Flash mob at the Landguard – tonight at nine. It’ll be a blast! Great sounds! Mystery A-list celeb! Bring your mates! Bring a bottle – or ten! Be a part of this awesome happening. It’s gonna be on the news. We’re going for a record!!!!!!!!!
“Weird,” Paul said. He had no idea who would send him anything like that. It wasn’t any of his Facebook friends. Not even Anthony Maskel or Graeme Parker, his closest friends at school, would have sent him something like that. Usually they sent him links to daft things they’d found on YouTube.
He thought about the Landguard for a moment. It was the huge old fortress down on the peninsula, dating back hundreds of years. It always struck him as strange that such a historic building should be slap bang next to the modern, industrial container port.
Paul rushed downstairs to tell Martin. The man laughed. He wasn’t the slightest bit interested in something like a flash mob and had looked forward to a quiet night of escapism in front of a DVD.
“But it’ll be huge!” Paul said. “Cameras and famous people. The email said so!”
Martin sighed. “You know,” he said. “The Internet is fantastic for stuff like eBay, but I think I preferred the world when it was simpler. When I was your age, the most new-fangled piece of kit we had was a pocket calculator and…”
“This isn’t the breast thing, is it?”
“Have I said this before?”
“You and your friends,” the boy recited wearily, “used to key in the number 5318008, then turn the calculator upside down and snigger.”
Martin chuckled. “Happy days,” he said.
“Ummm… whatever,” Paul muttered with a baffled grimace. He liked Martin, but sometimes he really did say some daft things for a forty-three-year-old maths teacher.
“Oh, go get your coat on,” the man told him. “I can watch the universe being saved again tomorrow night.”
Paul was already in the hallway zipping up his fleece.
“There’ll be no one else there, you know,” Martin said. “We’ll be stood there like two trainspotters without a station.”
In Felixstowe that evening, every young person under the age of twenty received that very same email. Afterwards, when the tragedy was being investigated, nobody could ever trace where it had originated.
The first part of the harrowing diversion was being created.
Where are the Exiled Prince’s sheep so rare, their fleeces of finest gold? Dead and dying from lack of care and frozen by the cold. Shun the Bad Shepherd, drive him from your sight. Where was he when the lambs did stumble and bleated in their plight?

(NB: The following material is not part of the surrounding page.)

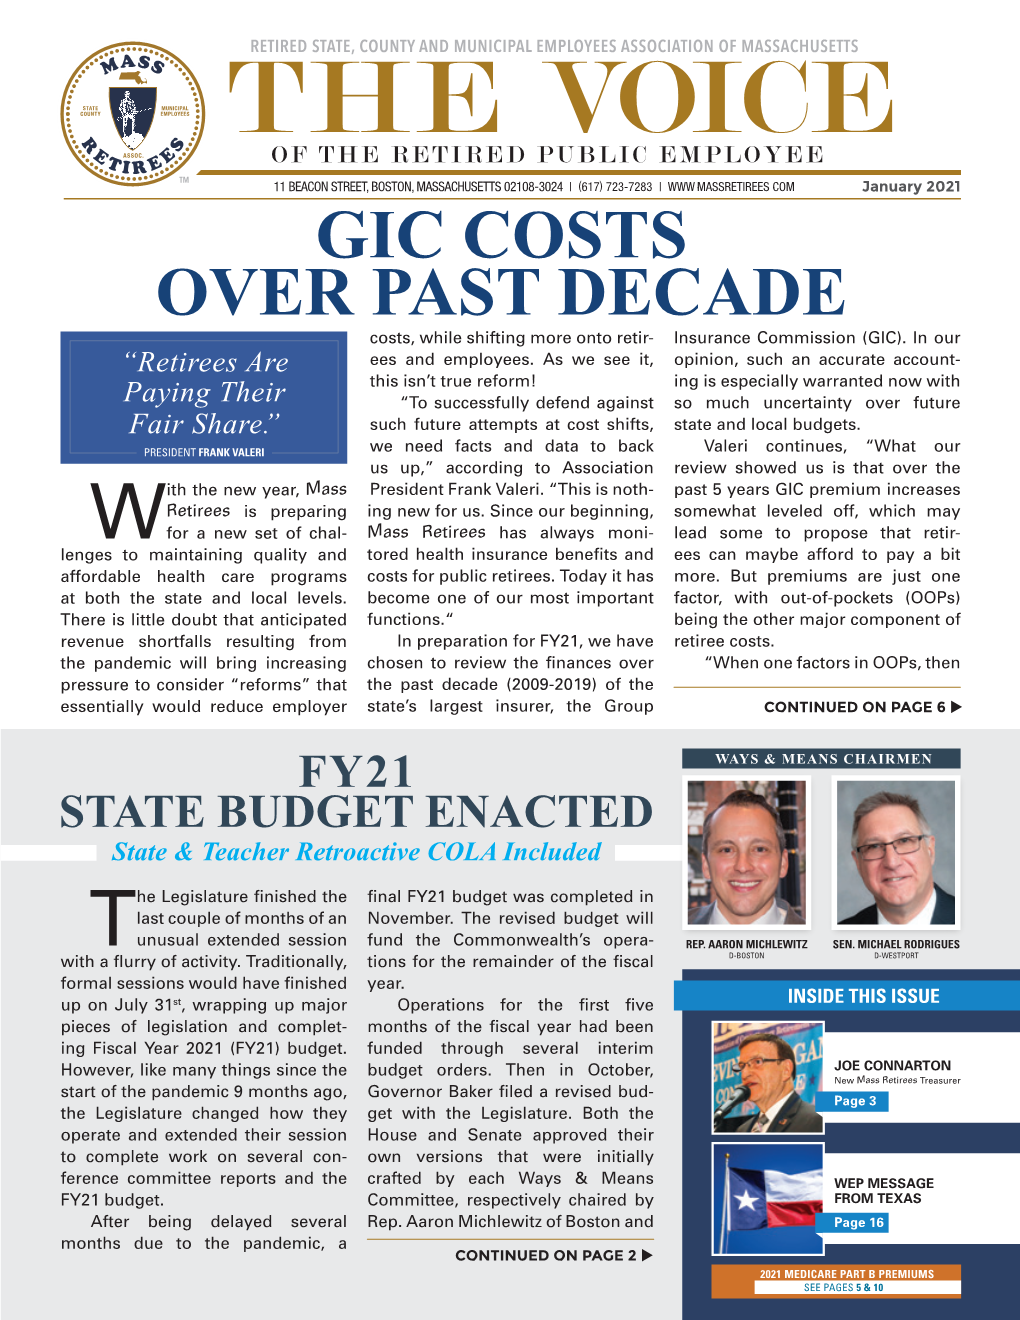 GIC COSTS OVER PAST DECADE Costs, While Shifting More Onto Retir- Insurance Commission (GIC)
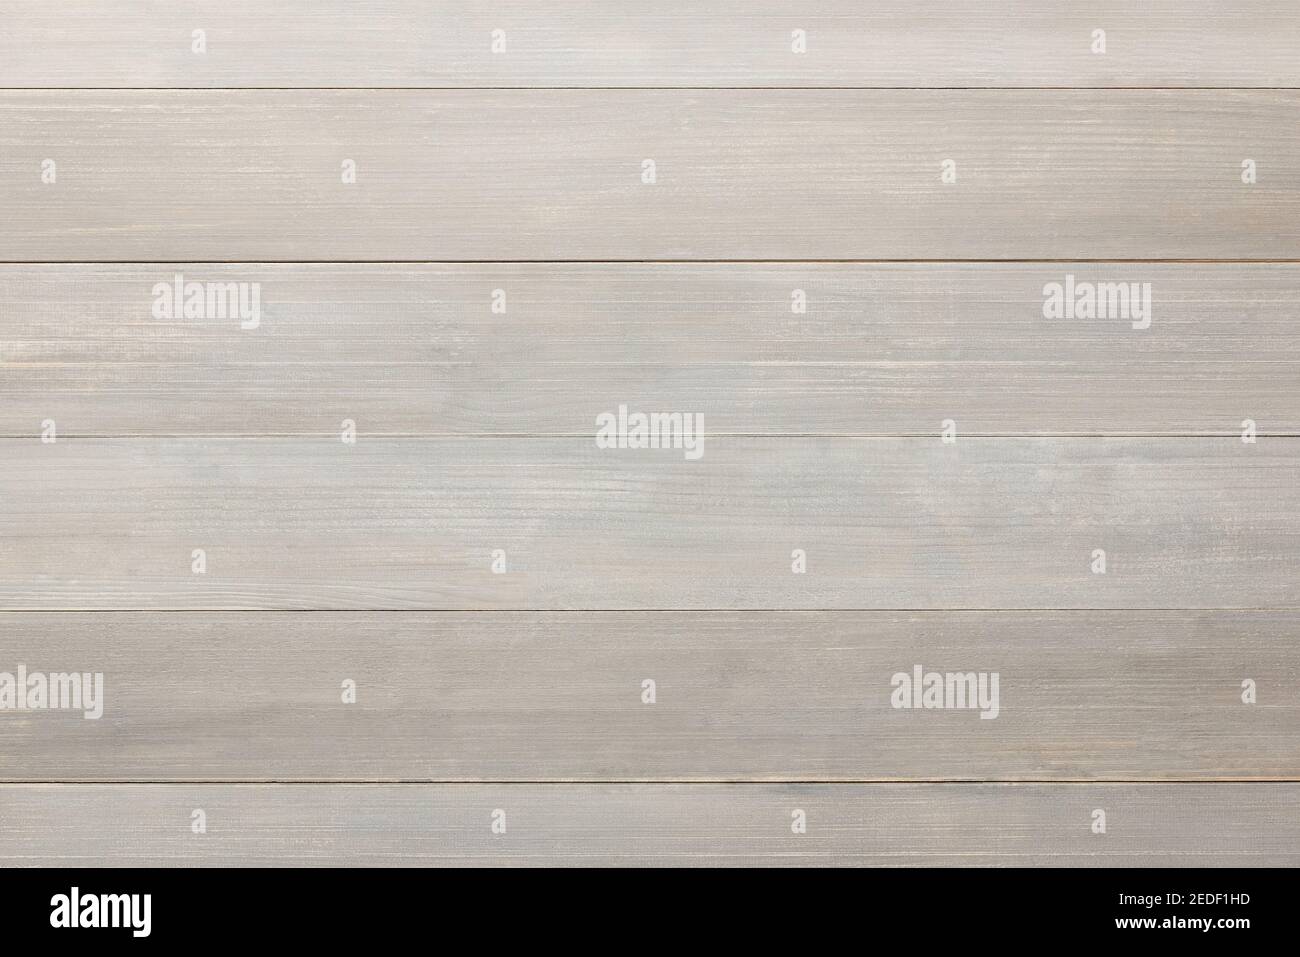 Vintage style light wood panel texture top view for background Stock Photo

EMMA TAYLOR THREW her hair straighteners across her bedroom and yelled an angry stream of filth. She had only finished half of her hair when they had sparked and smoke started to pour out of them.
“What do I look like?” she screamed at her reflection. “Britney Spears in meltdown mode!”
Stuffing her unfinished hair under a baseball cap, she stormed out of the house, without a word to her parents, and strode furiously down the street towards Ashleigh’s.
Taking out her mobile, she punched up her friend’s number aggressively and waited for her to pick up.
“What you gawking at?” she snapped at a group of teenage lads on bicycles, giving them the finger as she clomped by.
In her ear Ashleigh’s tinny voice answered. She was squealing with excitement.
“Ohhhh, myyyy God!” she cried. “You will not believe the email I just had!”
“I need to use your straighteners!” Emma demanded, ignoring her. “Life or death emergency. My crappy ones have exploded – thank you so much, Dad, you cheapskate. Nearly burned my eyebrows off! Seriously though – I was well terrified, no word of a lie.”